[[ AVAILABLE DATA open ]]
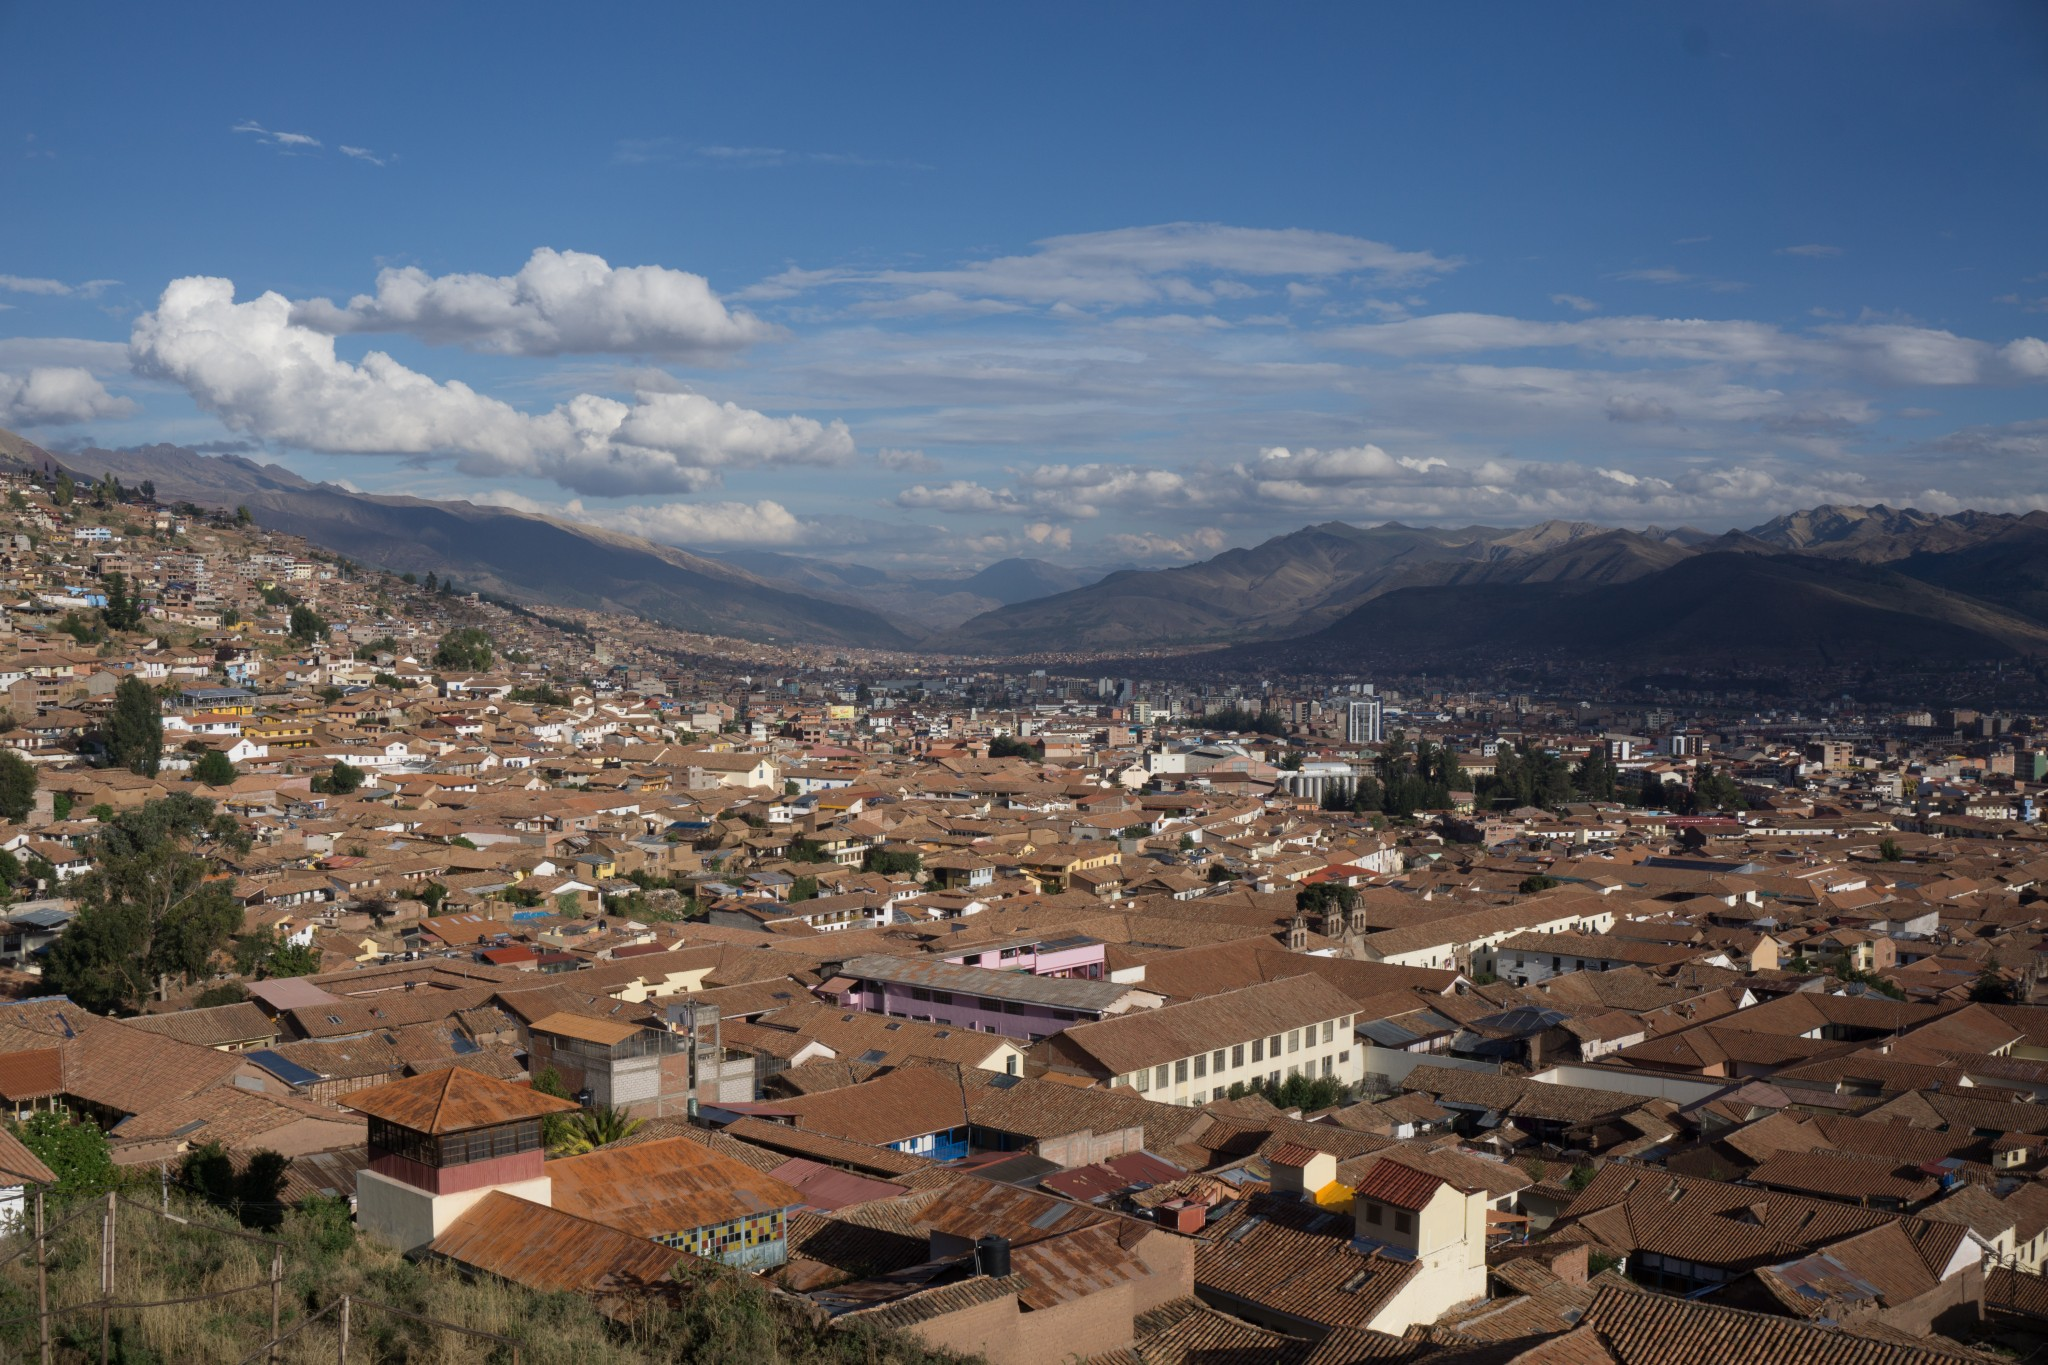 Cuzco City, Peru
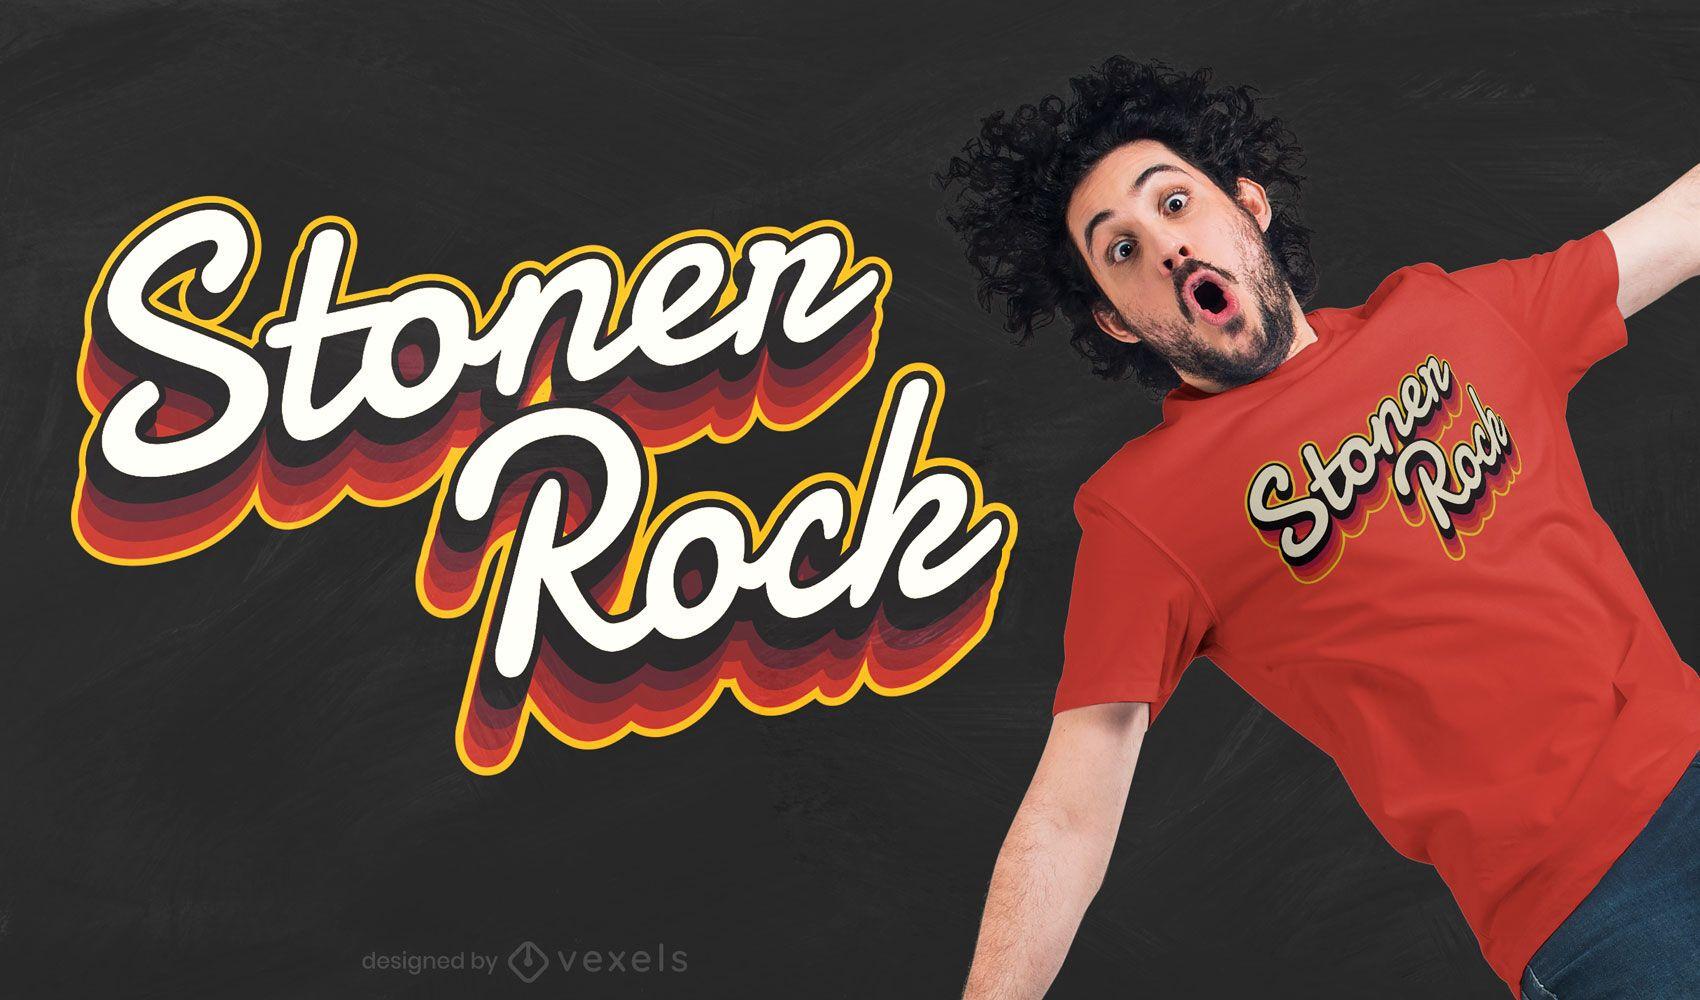 Design de t-shirt Stoner rock
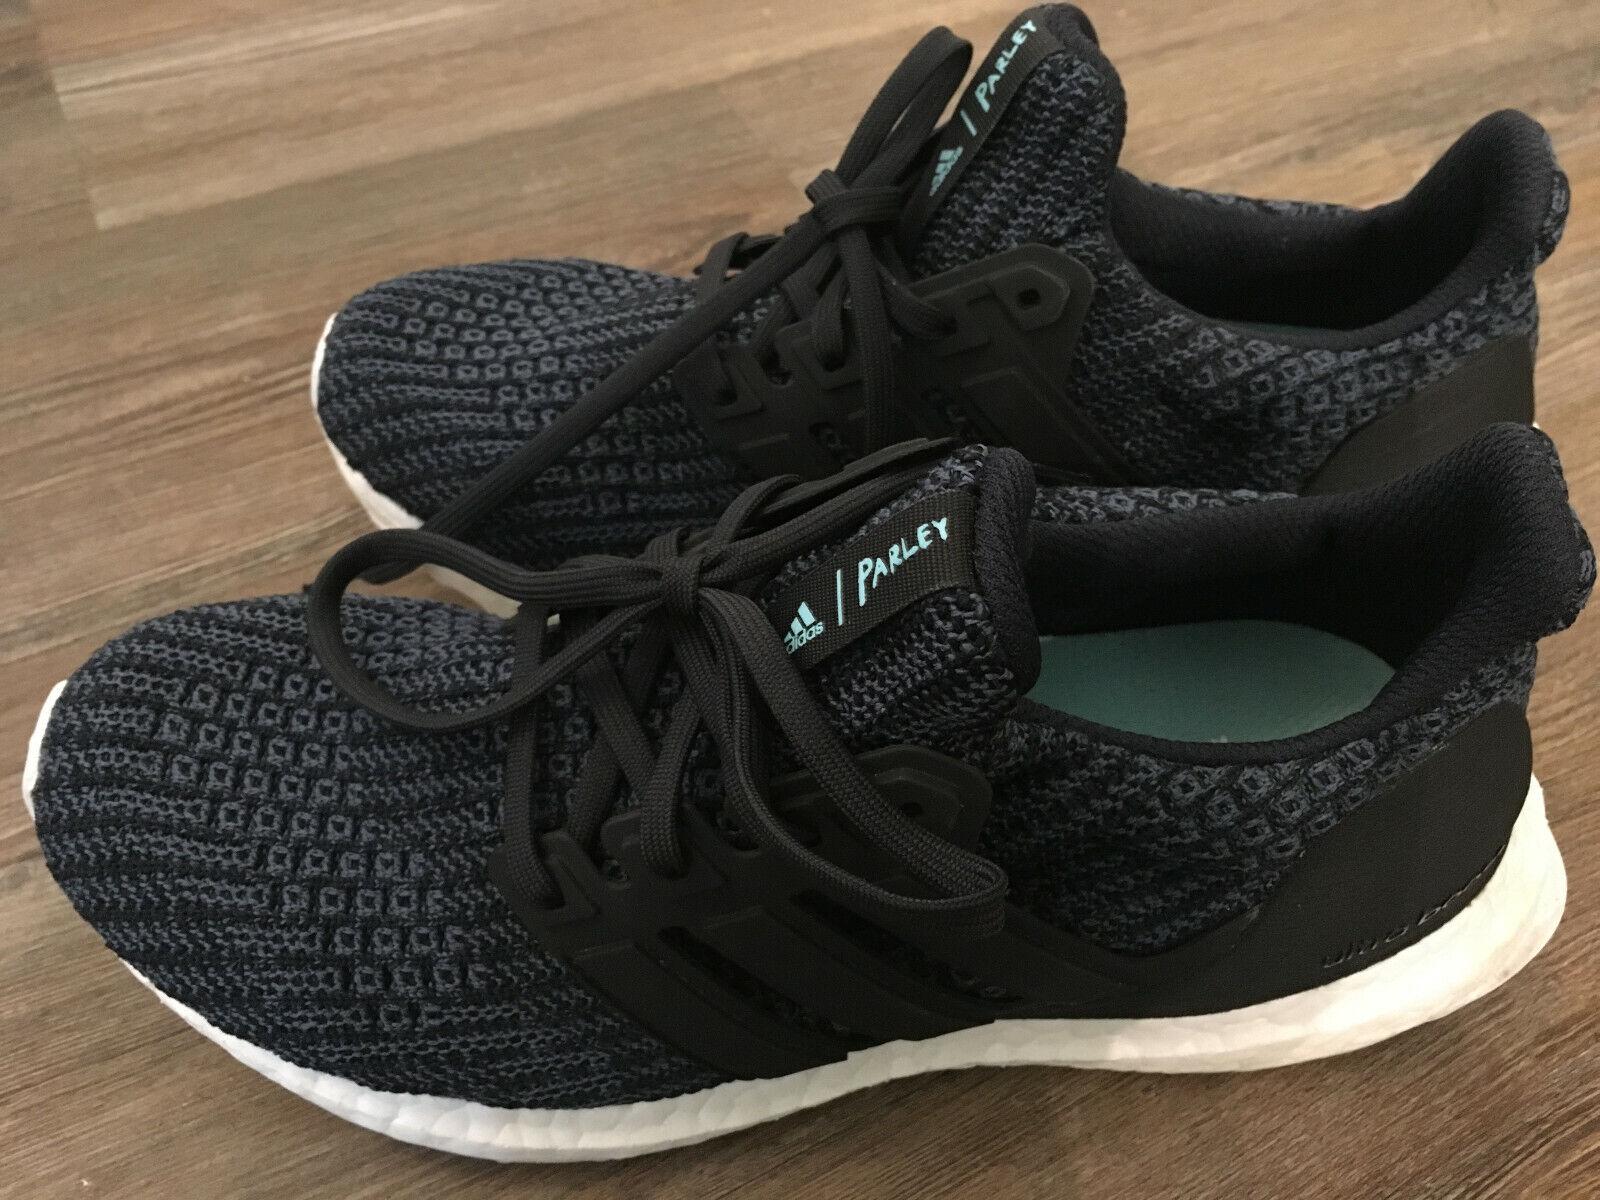 Adidas Parley Ultra Boost women 6.5
[[ AVAILABLE DATA closed ]]
DIRECTIONS FOR THIS TASK: Please write out all of the material above without changing a word, and omit any pictures.

SOLUTION FOR THIS PROBLEM:
 Cuzco City, Peru
 Design de t-shirt Stoner rock
 Adidas Parley Ultra Boost women 6.5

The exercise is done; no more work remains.